Traceback in Python

Traceback is a python module that provides a standard interface to extract, format and print stack traces of a python program. When it prints the stack trace it exactly mimics the behaviour of a python interpreter. Useful when you want to print the stack trace at any step. They are usually seen when an exception occurs. Since a traceback gives all the information regarding the exception it becomes easier to track one and fix it.

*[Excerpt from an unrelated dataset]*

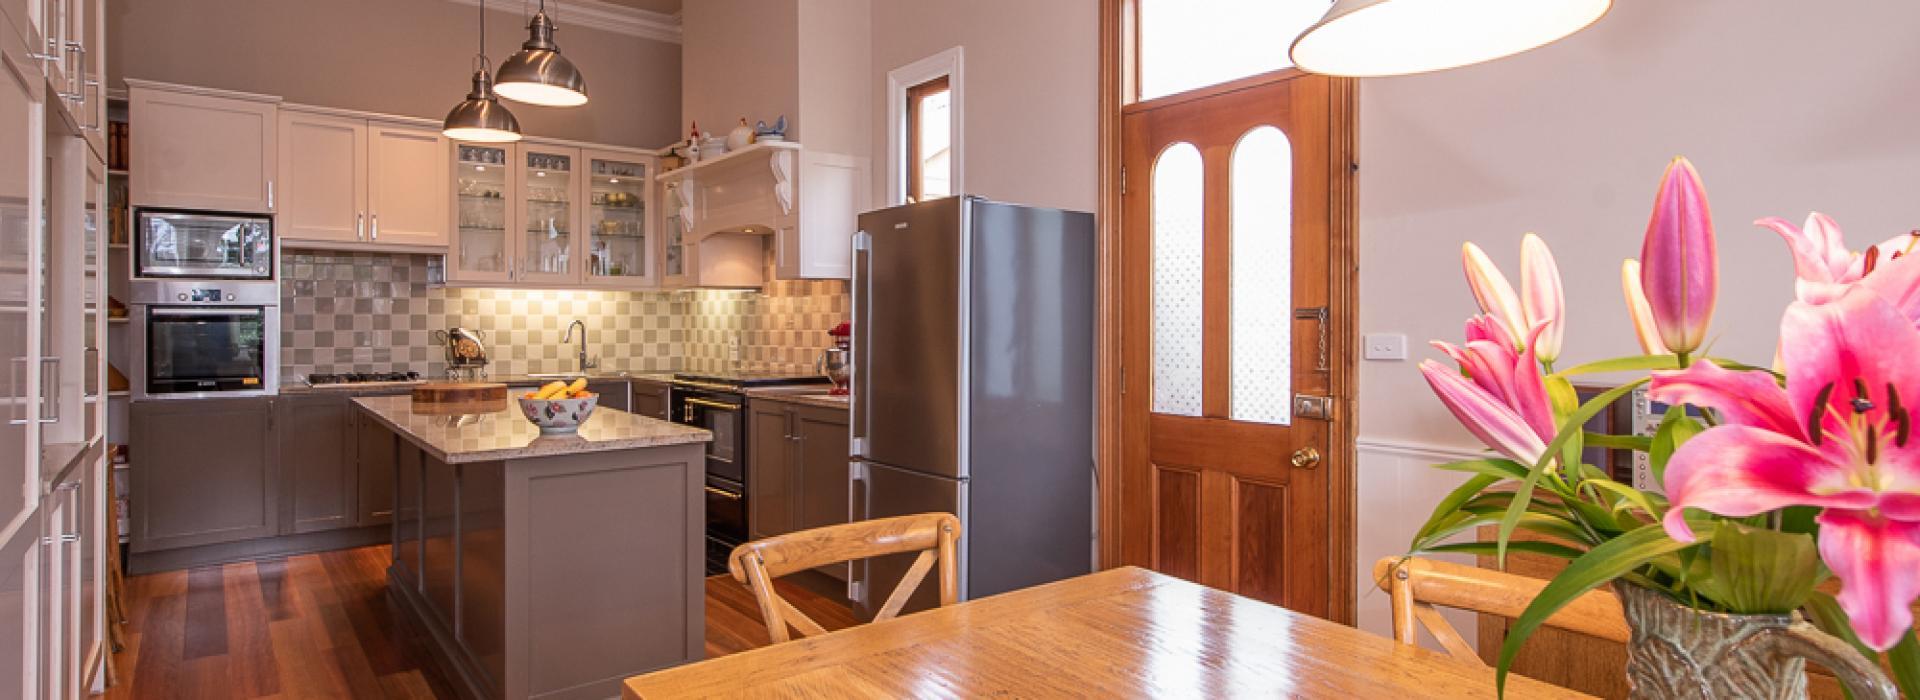 Flanagan Residential | For Sale | Paul Flanagan | Trevallyn

General structure of a stack trace for an exception:

Traceback for most recent call
Location of the program 
Line in the program where error was encountered
Name of the error: relevant information about the exception 

Example :

Traceback (most recent call last):
  File "C:/Python27/hdg.py", line 5, in 
    value = A[5]
IndexError: list index out of range

The module uses traceback objects, this is the object type that is stored in the sys.last_traceback variable and returned as the third item from sys.exc_info().

Functions in the Module

  • traceback.print_tb(tb, limit = None, file = None) : If limit is positive it prints upto limit stack trace entries from traceback object tb. Otherwise, print the last abs(limit) entries. If limit is omitted or None, all entries are printed. If file is omitted or None, the output goes to sys.stderr; otherwise it should be an open file or file-like object to receive the output.
  • traceback.print_exception(etype, value, tb, limit = None, file = None, chain = True) : Prints exception information and stack trace entries from traceback object tb to file. If tb is not None, it prints a header Traceback (most recent call last): . It prints the exception etype and value after the stack trace. If type(value) is SyntaxError and value has the appropriate format, it prints the line where the syntax error occurred with a caret indicating the approximate position of the error.
  • traceback.print_exc(limit = None, file = None, chain = True) : This is a shorthand for print_exception(*sys.exc_info(), limit, file, chain).
  • traceback.print_last(limit = None, file = None, chain = True) : It works only after an exception has reached an interactive prompt. This is a shorthand for print_exception(sys.last_type, sys.last_value, sys.last_traceback, limit, file, chain).
  • traceback.print_stack(f = None, limit = None, file = None) : If limit is positive, prints up to limit stack trace. Otherwise, print the last abs(limit) entries. If limit is omitted or None, all entries are printed. The optional f argument can be used to specify an alternate stack frame to start.
  • traceback.extract_tb(tb, limit = None) : Returns a StackSummary object representing a list of “pre-processed” stack trace entries (FrameSummary object containing attributes filename, lineno, name, and line) extracted from the traceback object tb. It is useful for alternate formatting of stack traces.
  • traceback.extract_stack(f = None, limit = None) : Extracts the raw traceback from the current stack frame. The return value has the same format as for extract_tb().
  • traceback.format_list(extracted_list) : Given a list of tuples or FrameSummary objects returns a list of strings ready for printing. Each string in the resulting list corresponds to the item with the same index in the argument list. Each string ends in a newline; the strings may contain internal newlines as well.
  • traceback.format_exception_only(etype, value) : Formats the exception part of a traceback. The arguments are the exception type and value such as given by sys.last_type and sys.last_value. It returns a list of strings each ending in a new line.
  • traceback.format_exception(etype, value, tb, limit = None, chain = True) : Formats stack trace and exception information. The arguments have the same meaning as the corresponding arguments to print_exception(). It returns a list of strings each ending in new line and some have internal newlines too. When these lines are concatenated and printed they generate an exactly same output as print_exception().
  • traceback.format_exc(limit = None, chain = True) : This is like print_exc(limit) except it returns a string instead of printing to a file.
  • traceback.format_tb(tb, limit = None) : shorthand for format_list(extract_tb(tb, limit)).
  • traceback.format_stack(f = None, limit = None) : shorthand for format_list(extract_stack(f, limit)).
  • traceback.clear_frames(tb) : Clears the local variables of all stack frames in a traceback tb by calling clear() method of each frame object.
  • traceback.walk_stack(f) : Walk a stack following f.f_back from the given frame, yielding the frame and line number for each frame. If f is None, the current stack is used. This helper is used with StackSummary.extract().
  • traceback.walk_tb(tb) : Walk a traceback following tb_next yielding the frame and line number for each frame. This helper is used with StackSummary.extract().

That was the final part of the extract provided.